*** Opening Information shown ***

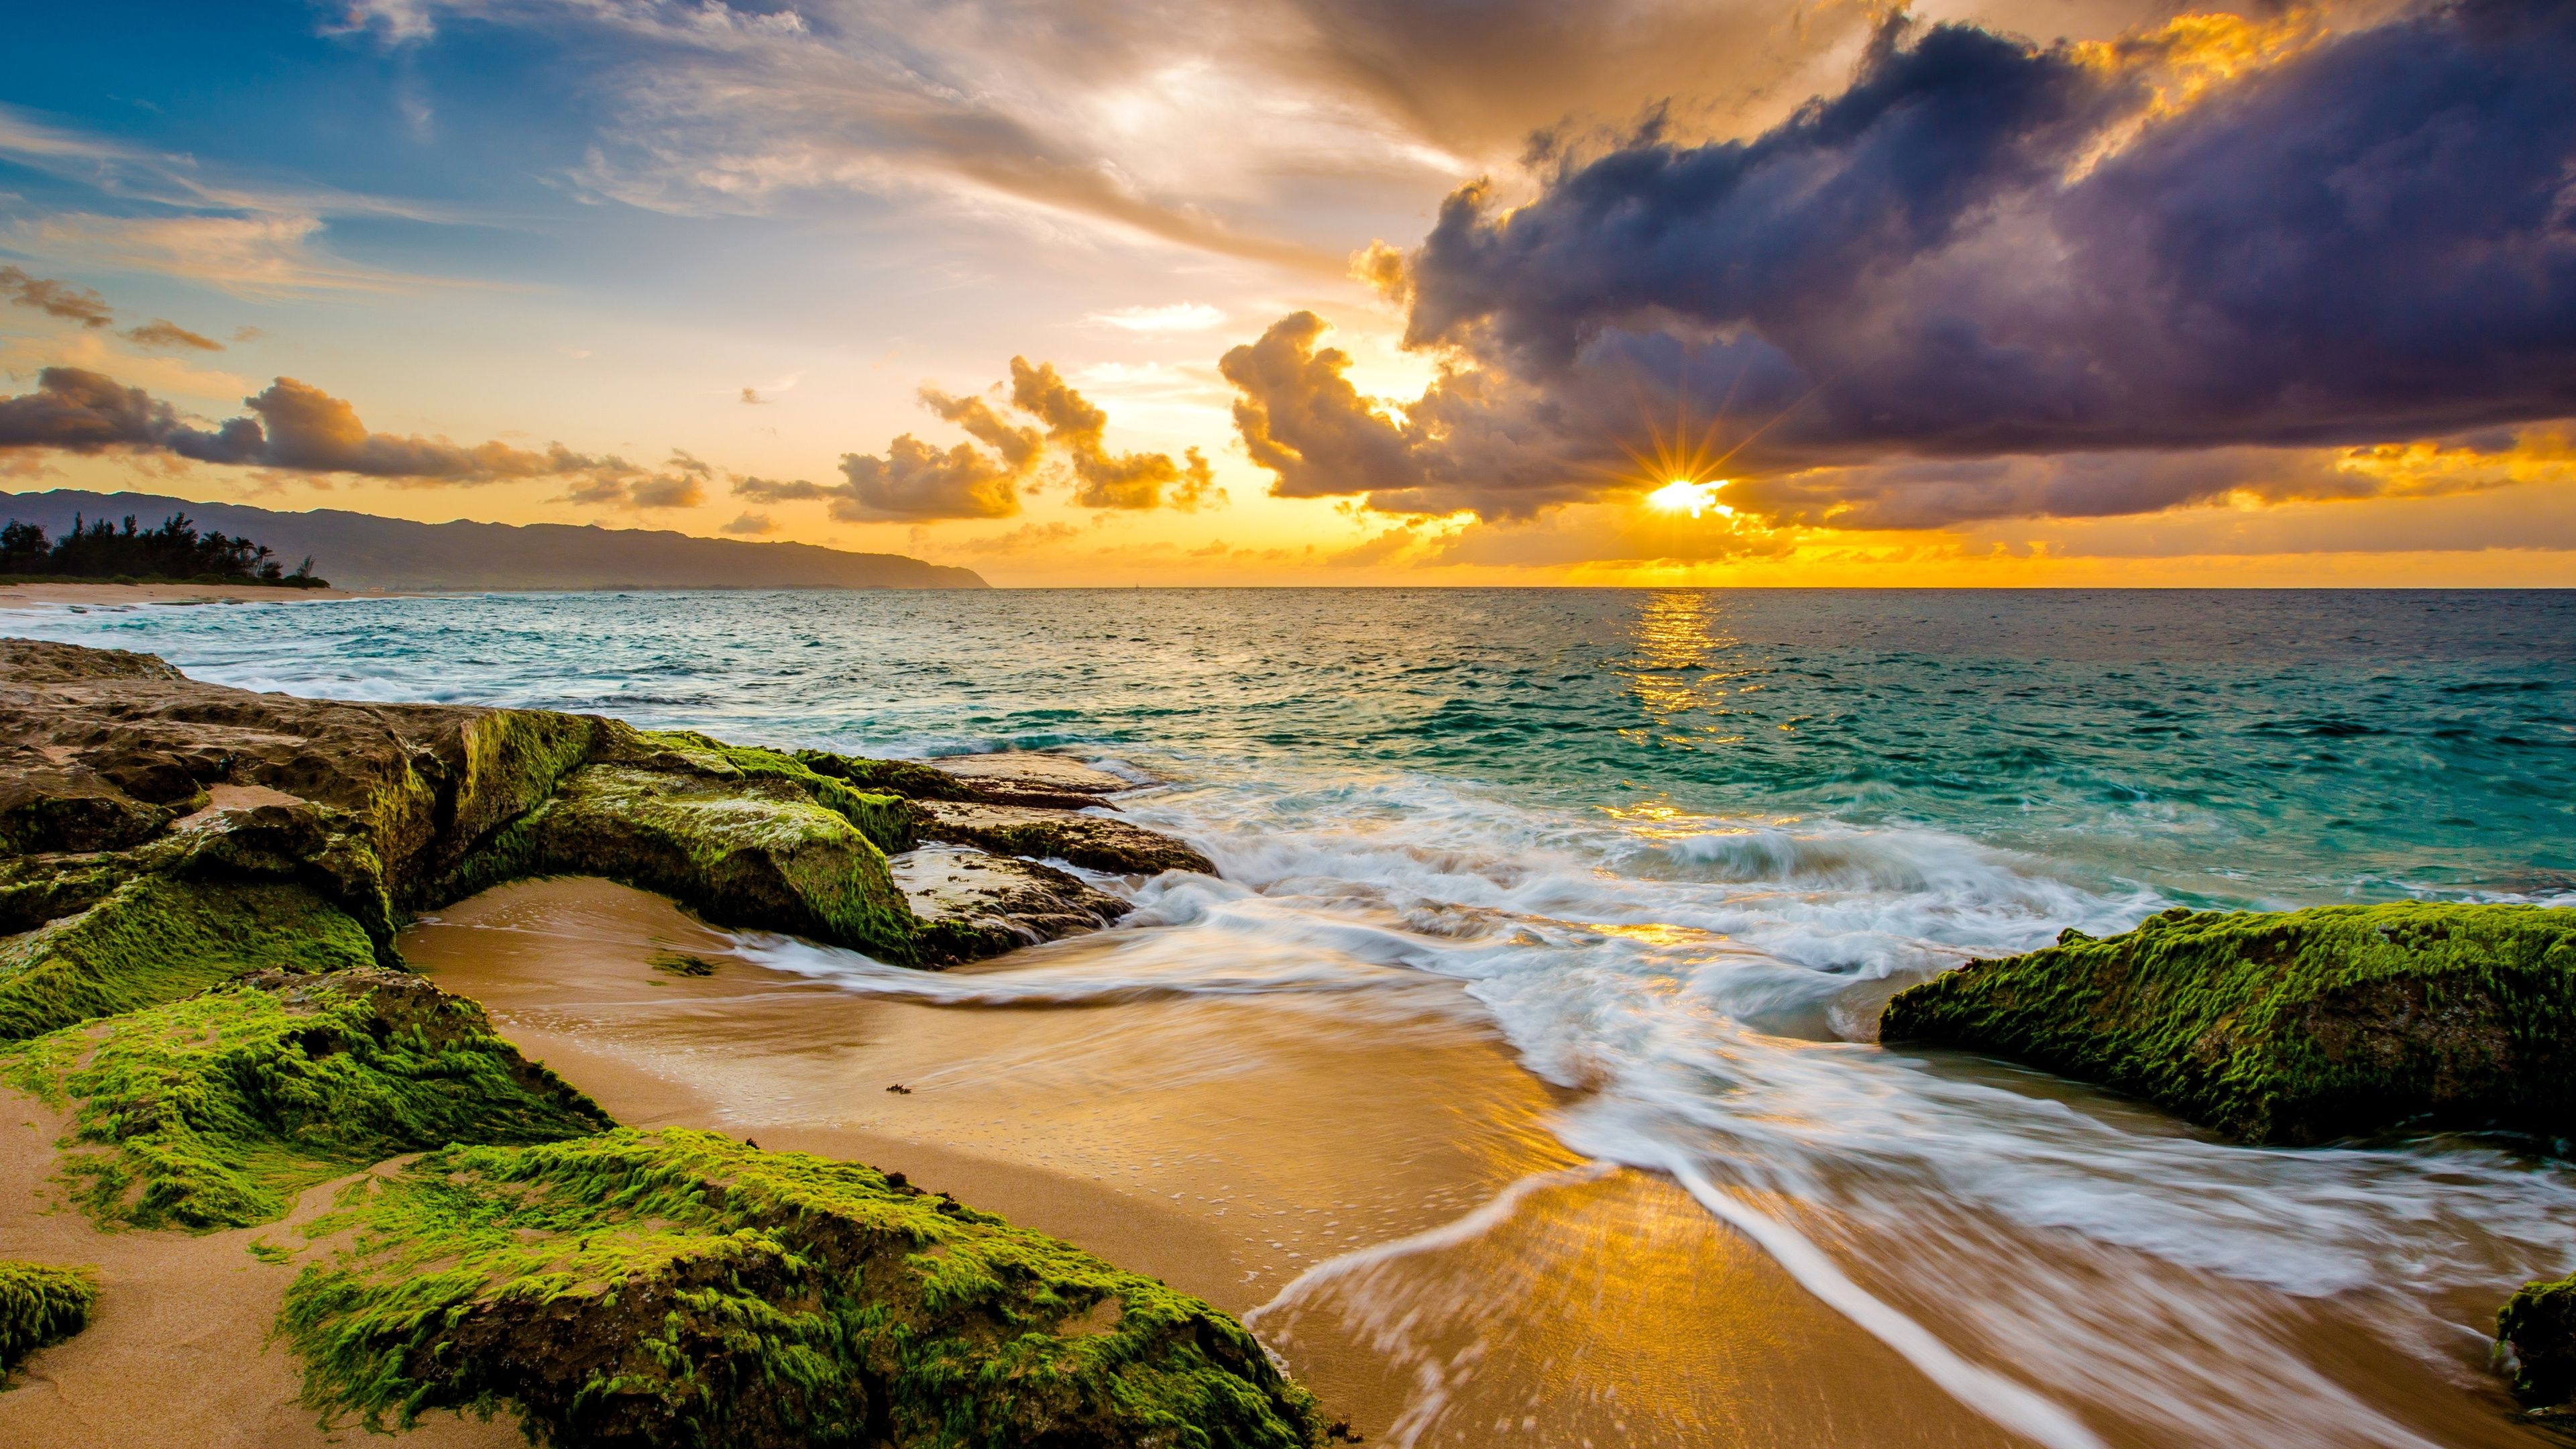 Hawaii Wallpapers Top Free Hawaii Backgrounds
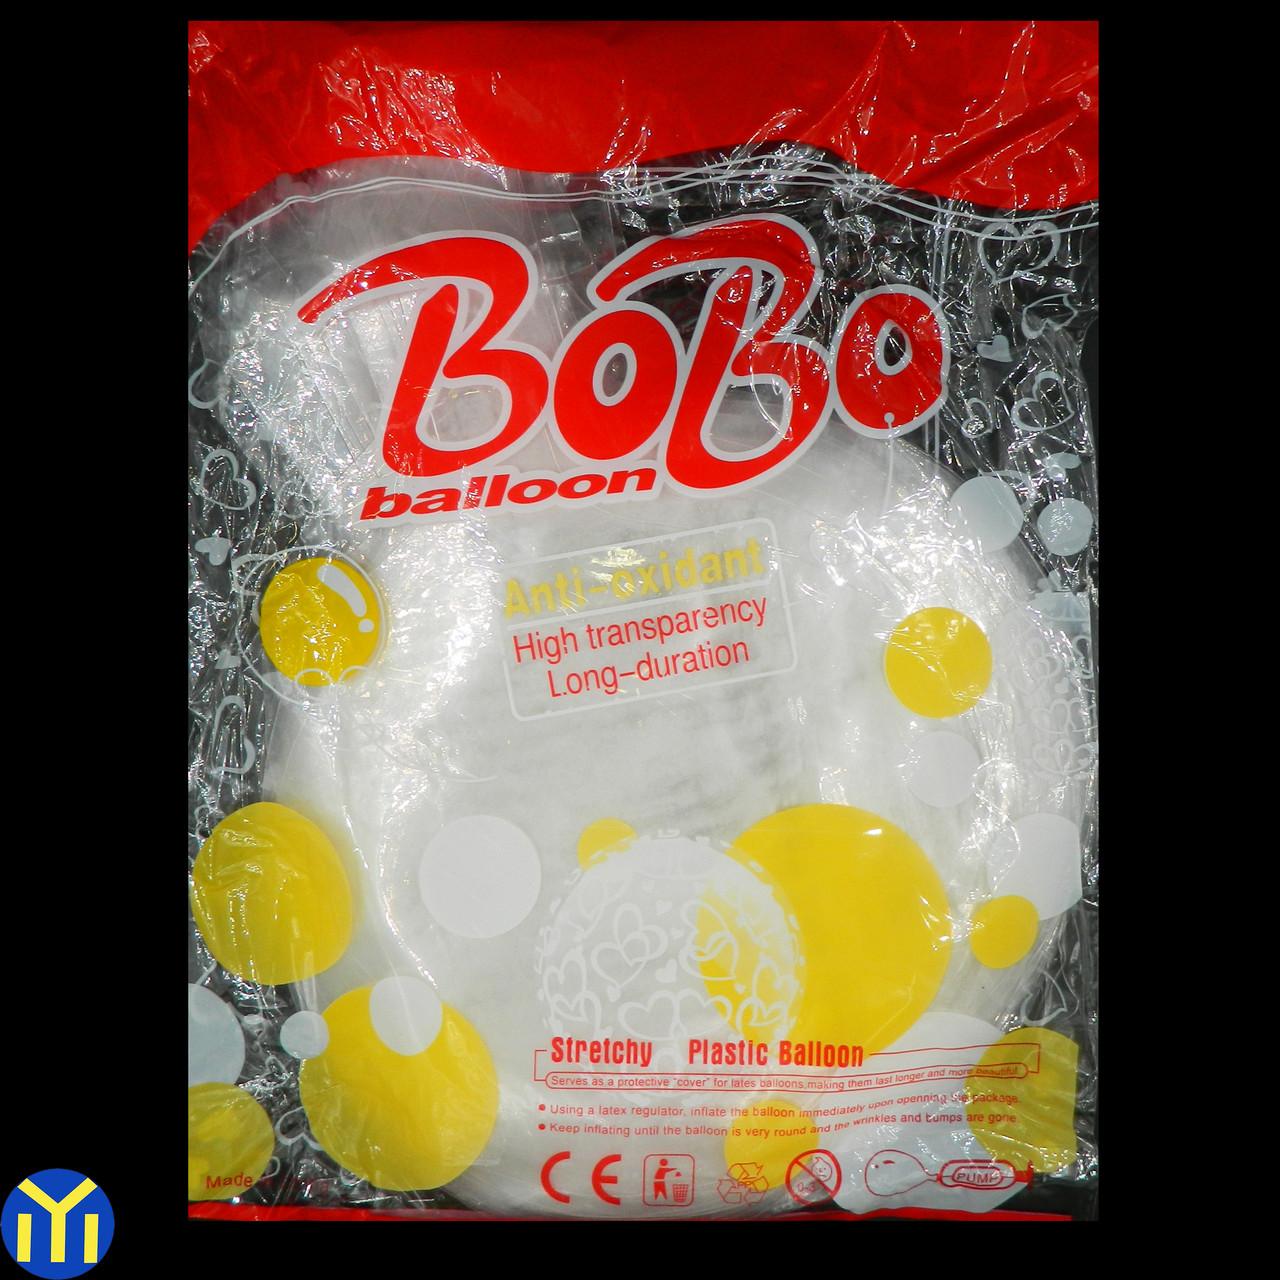 Шарики, прозрачные запаски, Bobo
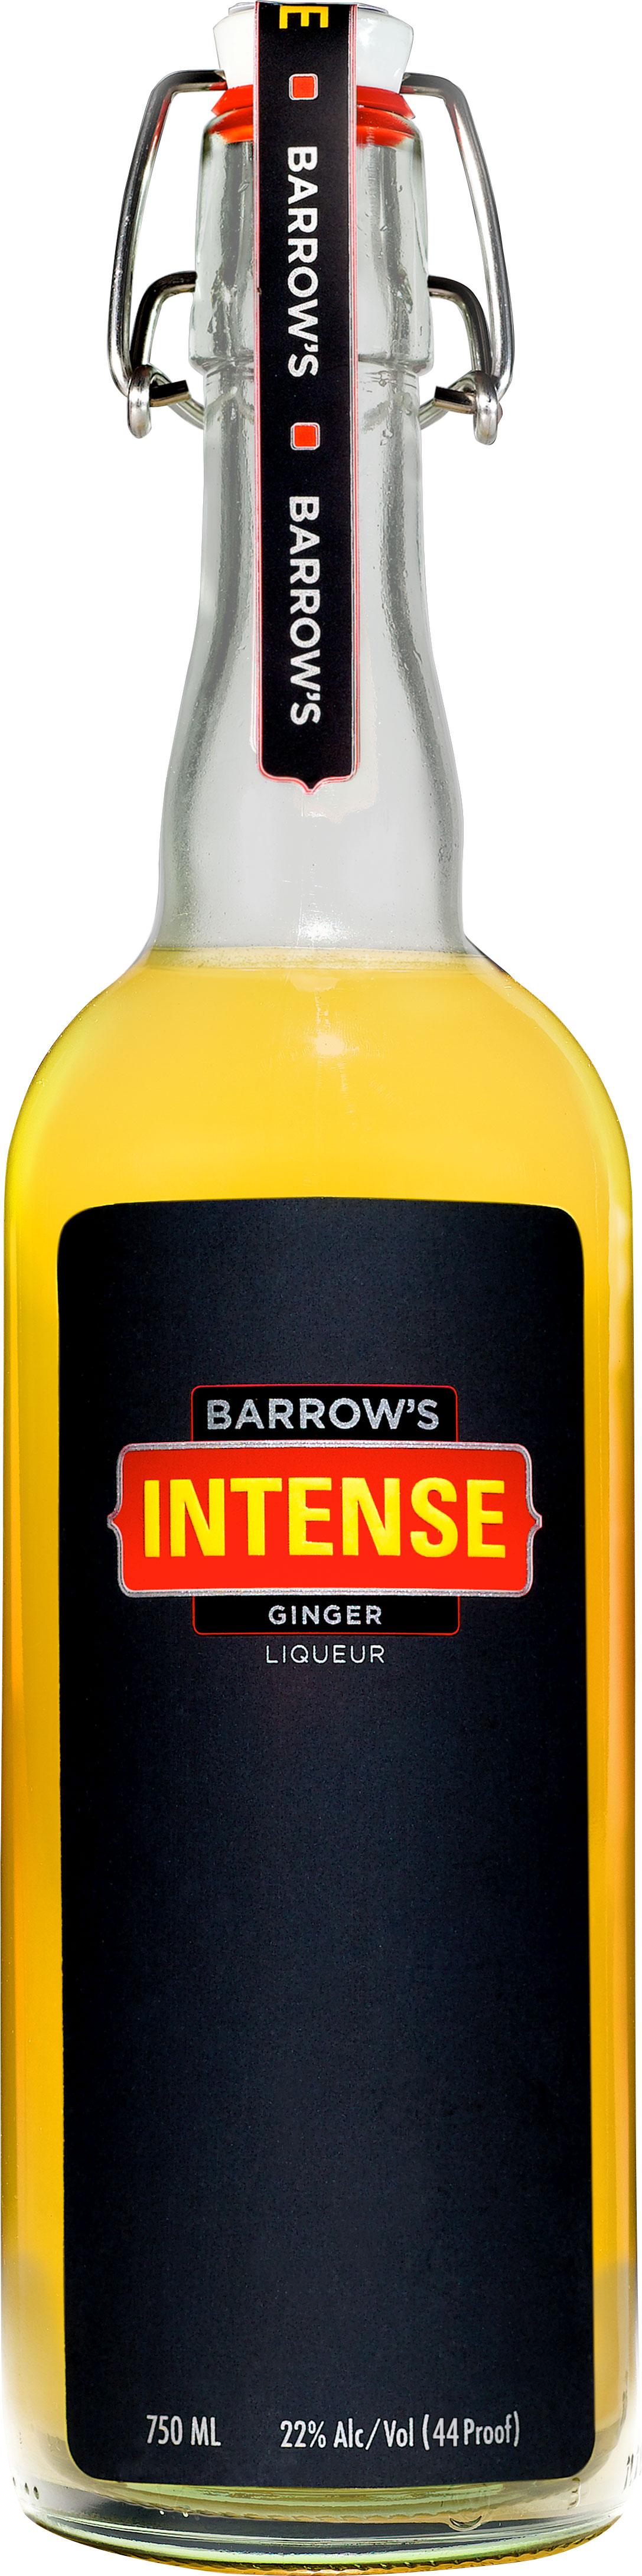 Barrow's Intense Ginger Liqueur
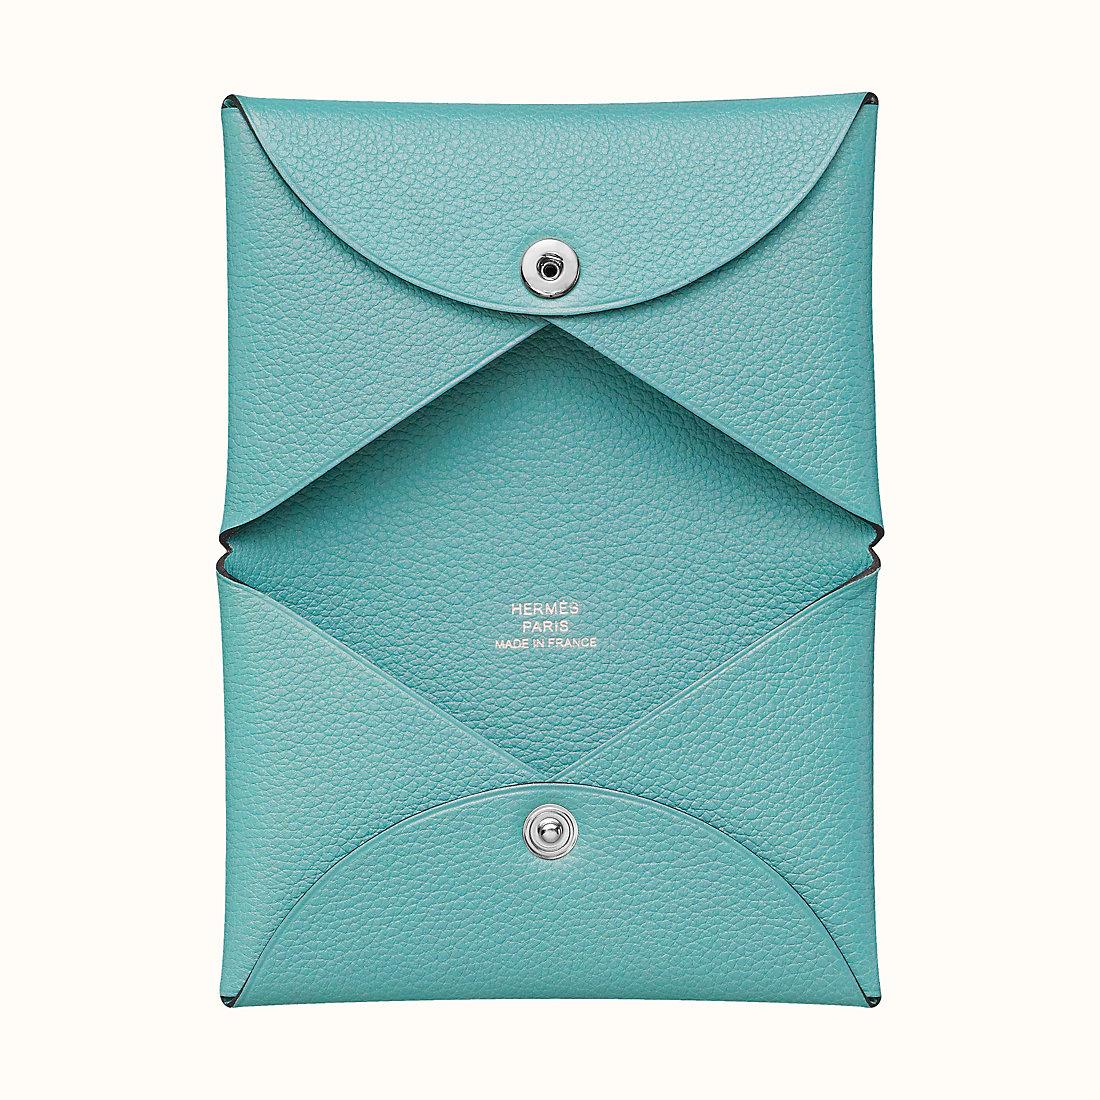 Hermes Evercolor Calvi verso card holder 3P Blue Atoll 马卡龙蓝

*** Closing Information shown ***

**What needs to be done**
Give back the full listing above word for word, and let no picture through.

**Task response**
 Hawaii Wallpapers Top Free Hawaii Backgrounds
 Шарики, прозрачные запаски, Bobo
 Barrow's Intense Ginger Liqueur
 Hermes Evercolor Calvi verso card holder 3P Blue Atoll 马卡龙蓝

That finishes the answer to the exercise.